Reproduce the listing word for word. Skip any image.

DATA SECTION:
──────────────────────────────
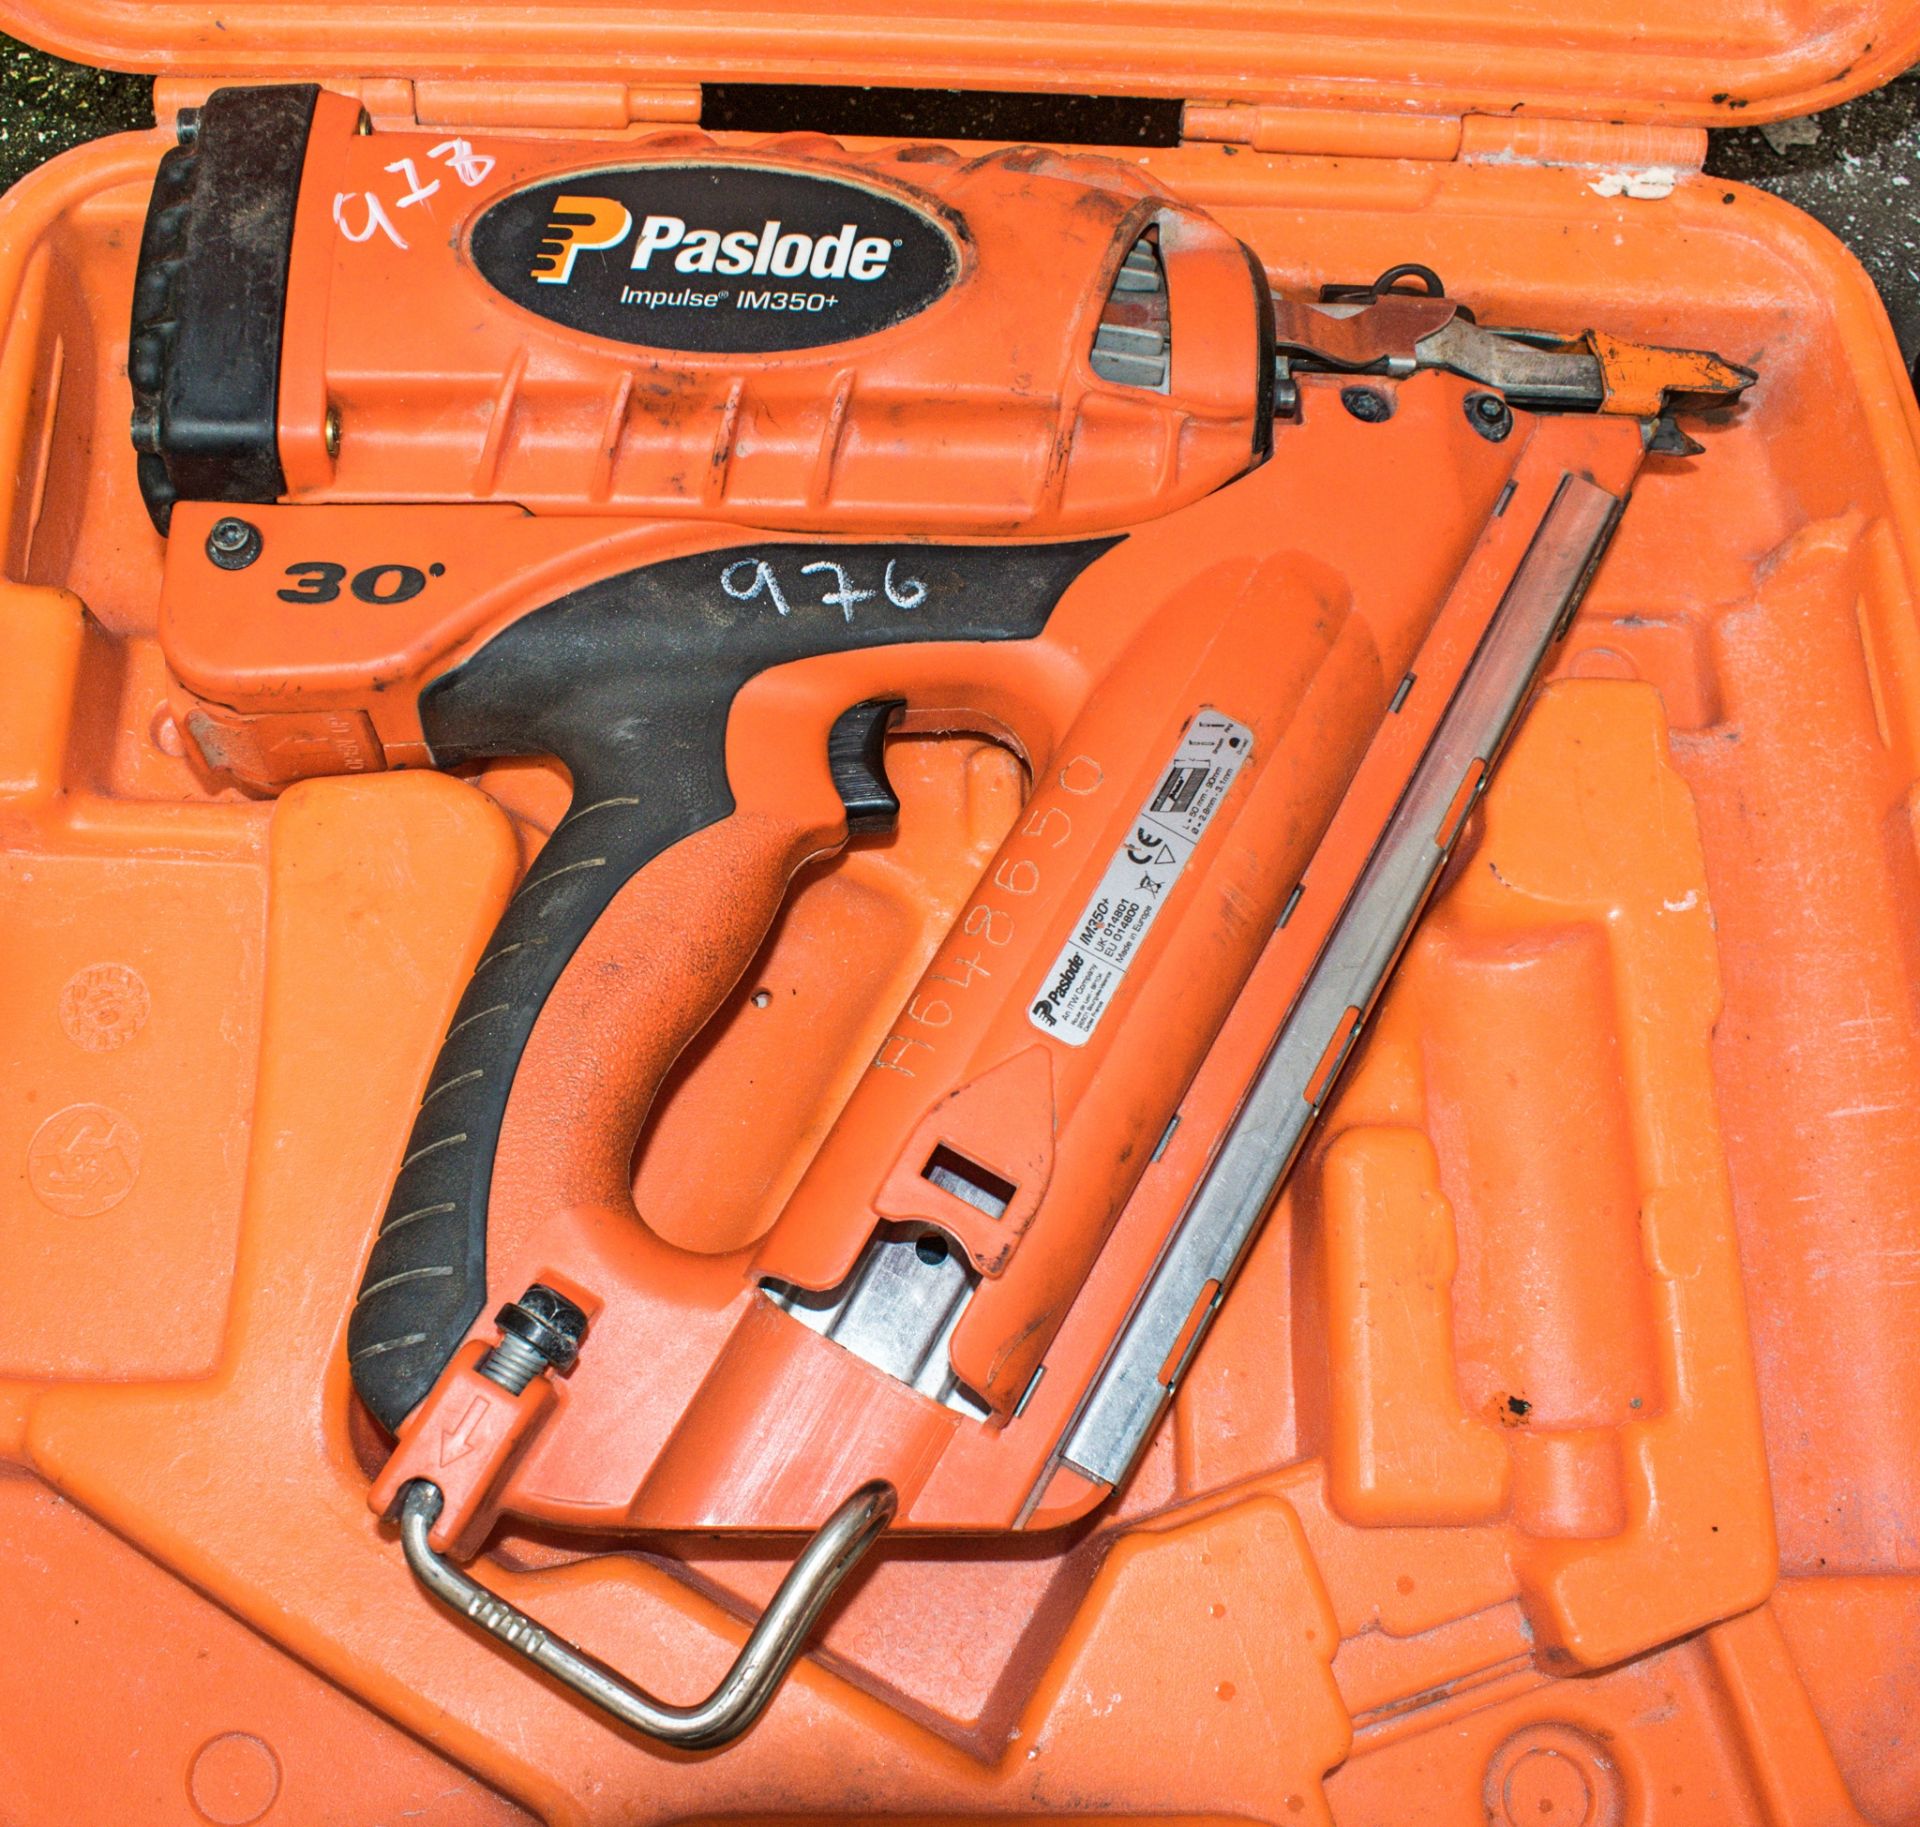 Paslode IM350 cordless nailgun c/w carry case ** No battery or charger **
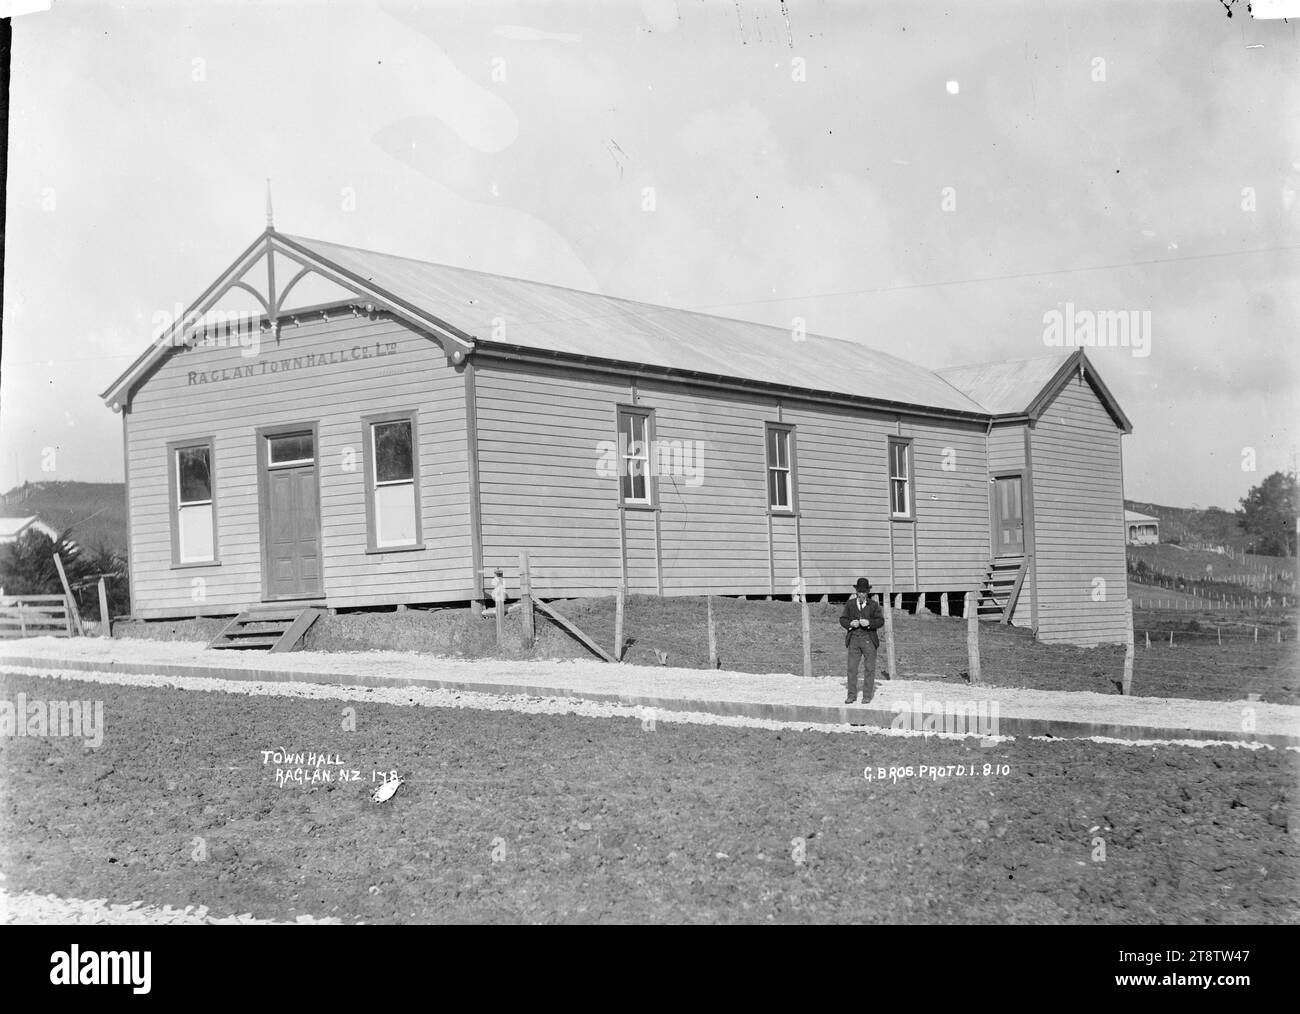 Raglan, New Zealand Town Hall, 1910, An unidentified man is standing outside the Raglan, New Zealand Town Hall, 1 August, 1910, photographed by Gilmour Brothers Stock Photo
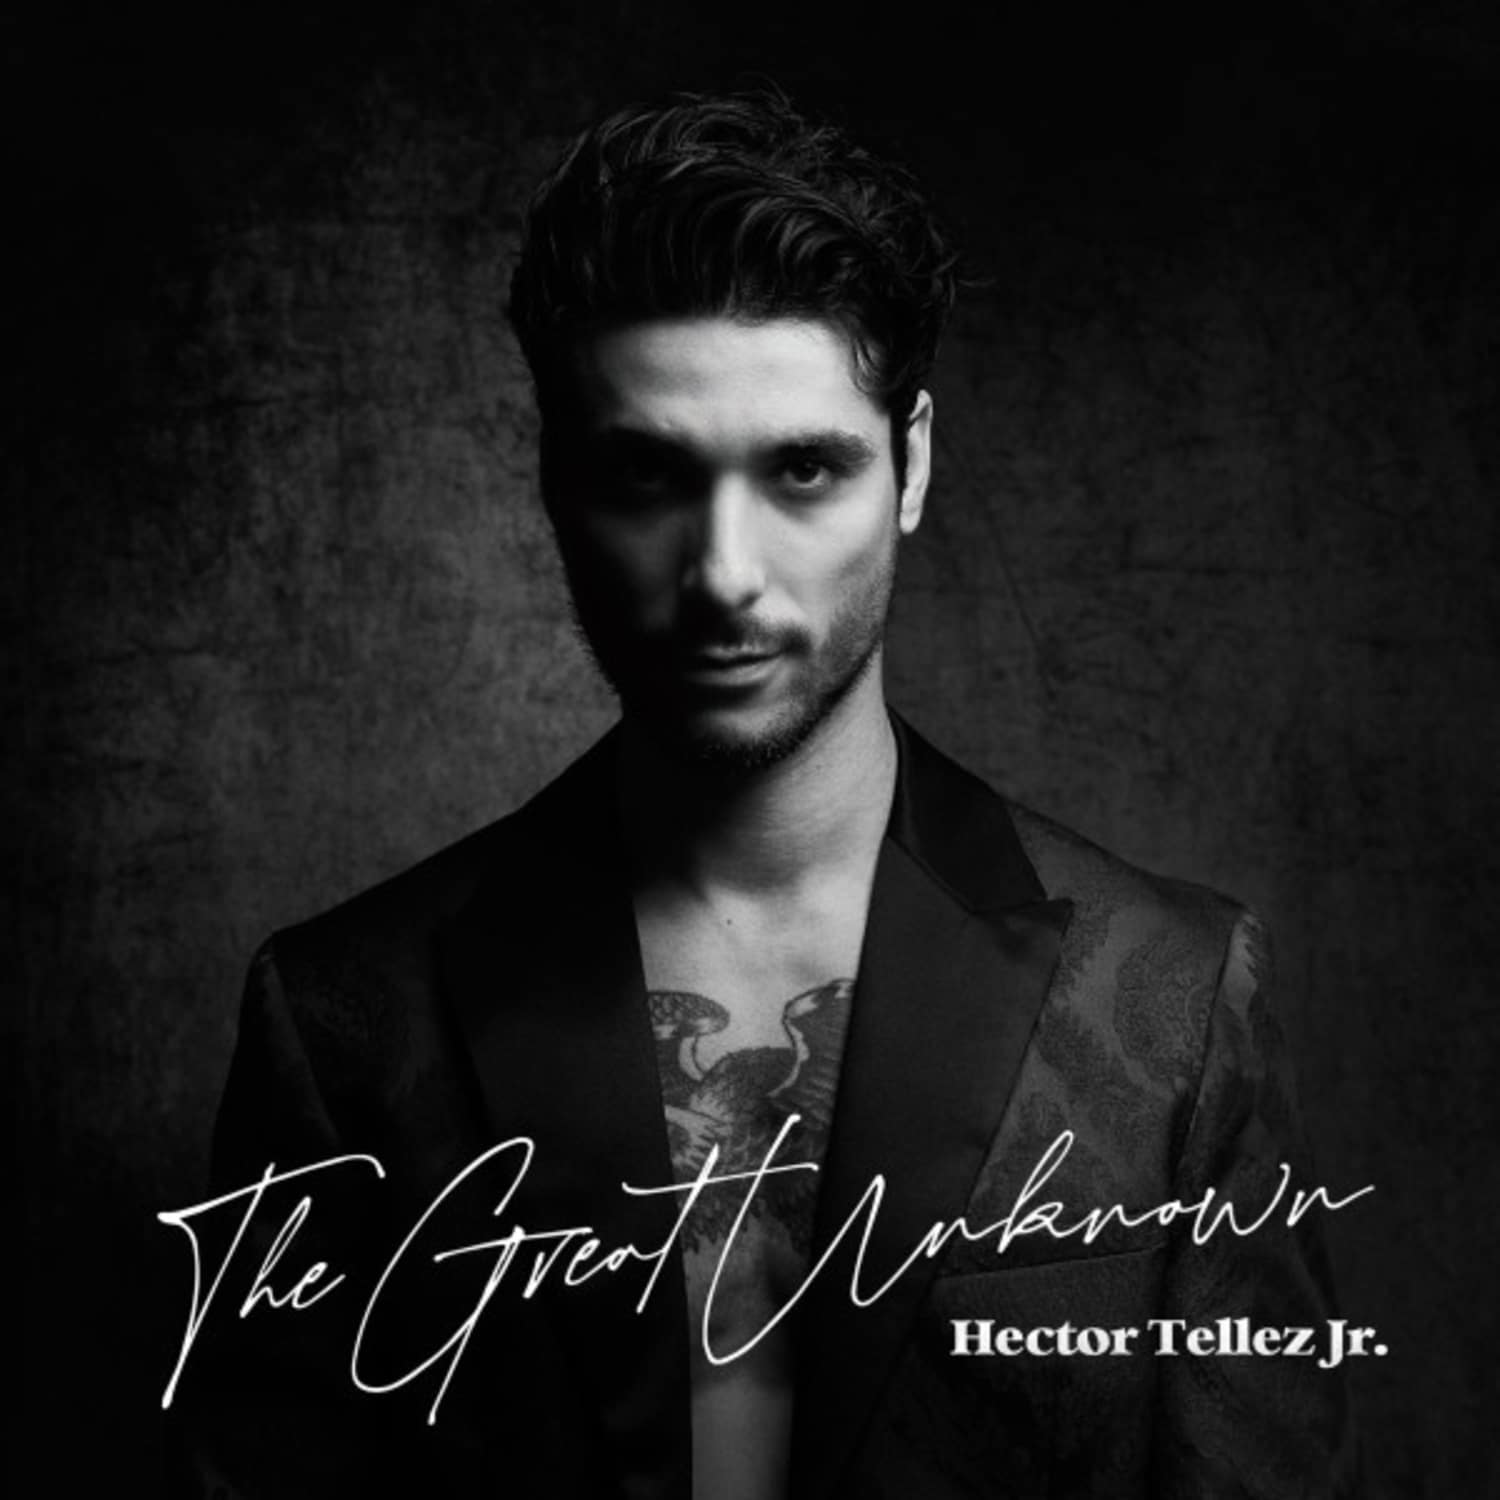 Hector Tellez Jr. - THE GREAT UNKNOWN
──────────────────────────────
PROBLEM SOLUTION:
 Paslode IM350 cordless nailgun c/w carry case ** No battery or charger **
 Raglan, New Zealand Town Hall, 1910, An unidentified man is standing outside the Raglan, New Zealand Town Hall, 1 August, 1910, photographed by Gilmour Brothers Stock Photo
 Hector Tellez Jr. - THE GREAT UNKNOWN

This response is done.